Joshua Whitehouse | |
Birth Name: | Joshua Daniel Whitehouse |
Birth Date: | [1] |
State House: | New Hampshire |
District: | Strafford 2nd |
Alongside: | Joseph Pitre |
Term Start: | December 3, 2014 |
Term End: | December 7, 2016 |
Predecessor: | Rachel Burke[2] |
Successor: | James Horgan |
Education: | Saint Anselm College (BA) |
Joshua Daniel Whitehouse (born) is an American politician who served as a member of the New Hampshire House of Representatives for the town of Farmington from 2014 to 2016.[3] [4]
Whitehouse completed coursework towards a Bachelor of Arts degree in political science from Saint Anselm College.[5]
Whitehouse has been a member of the New Hampshire Republican State Committee since 2014, and served on the Executive Board of the New Hampshire Young Republicans from 2013 to 2016.
From March 2015 to February 2016, Whitehouse worked as the coalitions coordinator for the Donald Trump 2016 presidential campaign.[6] Because of his work on the campaign, Whitehouse was largely absent from votes in the New Hampshire House of Representatives, and did not run for re-election in 2016.[7]
In 2023, Whitehouse served as the New Hampshire state director for the Vivek Ramaswamy 2024 presidential campaign.[8]
Whitehouse served as an assistant to the Under Secretary of Agriculture for Research, Education, and Economics in the Donald Trump administration from January 20, 2017, to September 16, 2017.[9] After leaving the Department of Agriculture, Whitehouse was communications director for Robert Burns' 2018 campaign for New Hampshire's 2nd congressional district.

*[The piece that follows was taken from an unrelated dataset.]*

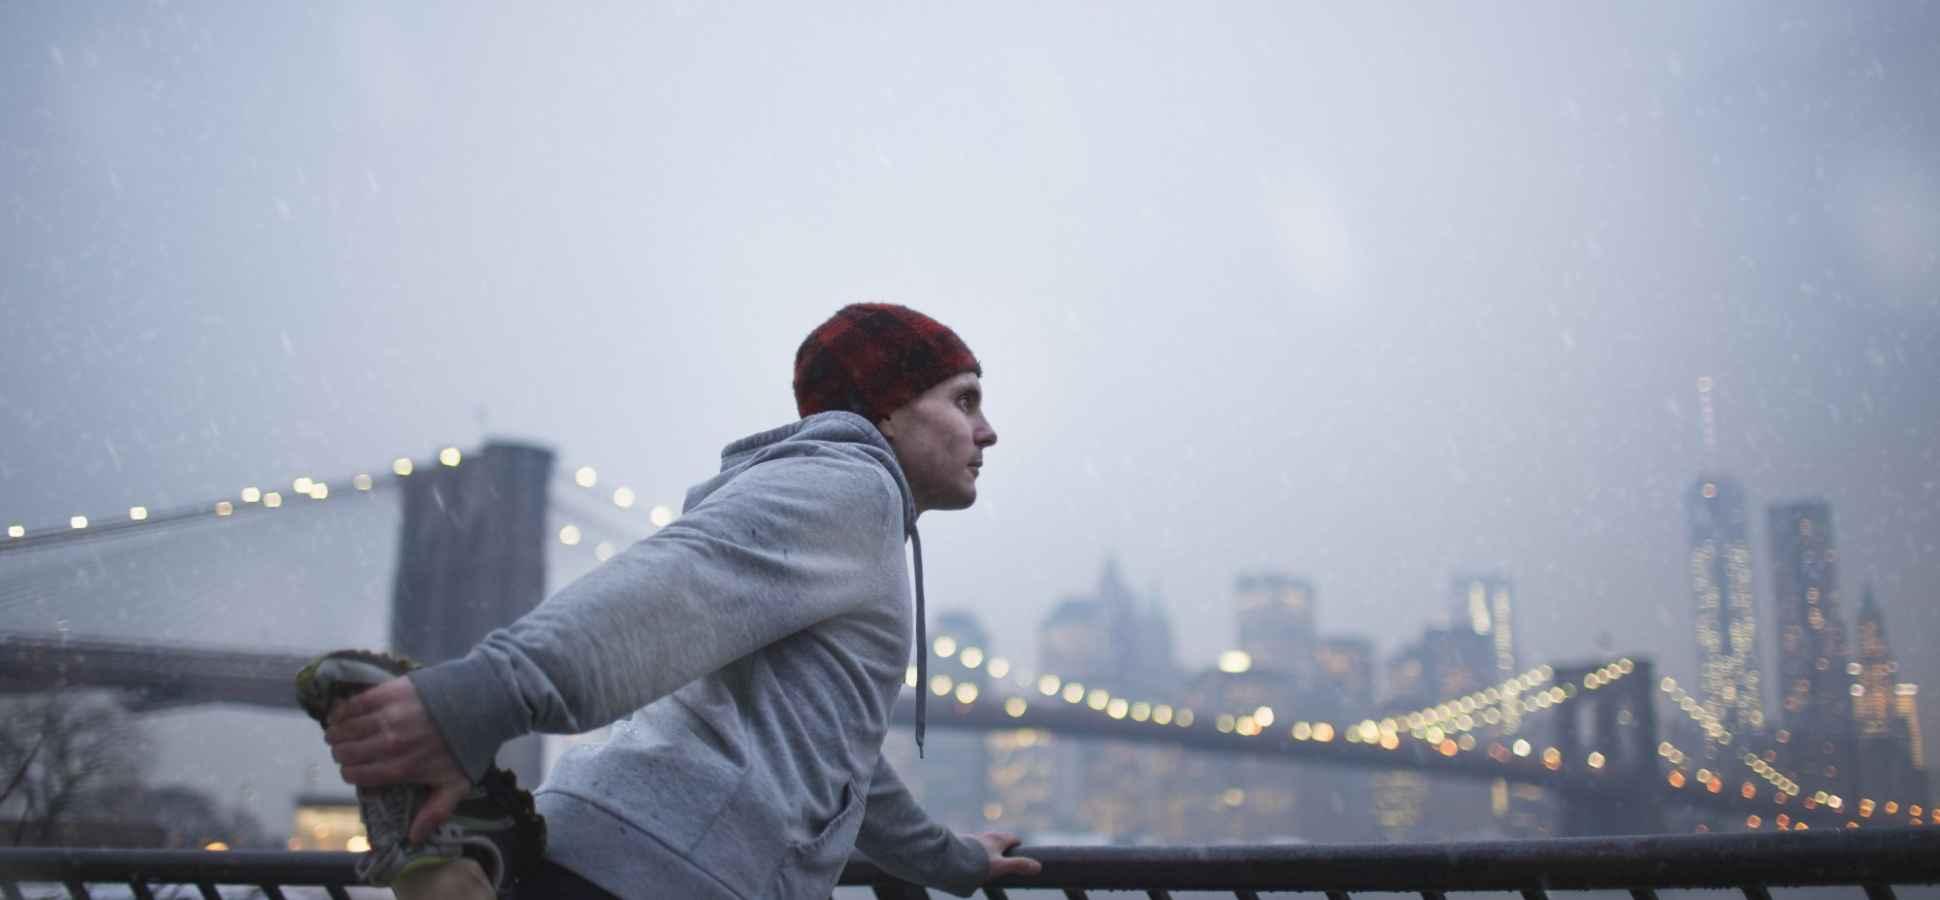 30 دقیقه فعالیت روزانه باعث افزایش طول عمر می شود

Burns placed fourth in the Republican primary.[10]
In March 2020, Whitehouse was appointed as the Trump administration's liaison to the Department of Homeland Security.[11] In September 2020, Whitehouse was appointed as the administration's liaison to the Department of Defense.[12] [13]
In January 2021, acting defense secretary Christopher C. Miller appointed him to the Commission on the Naming of Items of the Department of Defense that Commemorate the Confederate States of America or Any Person Who Served Voluntarily with the Confederate States of America, which was established by the 2021 NDAA.[14] On February 12, 2021, he and other Miller appointees to the commission were removed by newly-confirmed defense secretary Lloyd Austin.[15]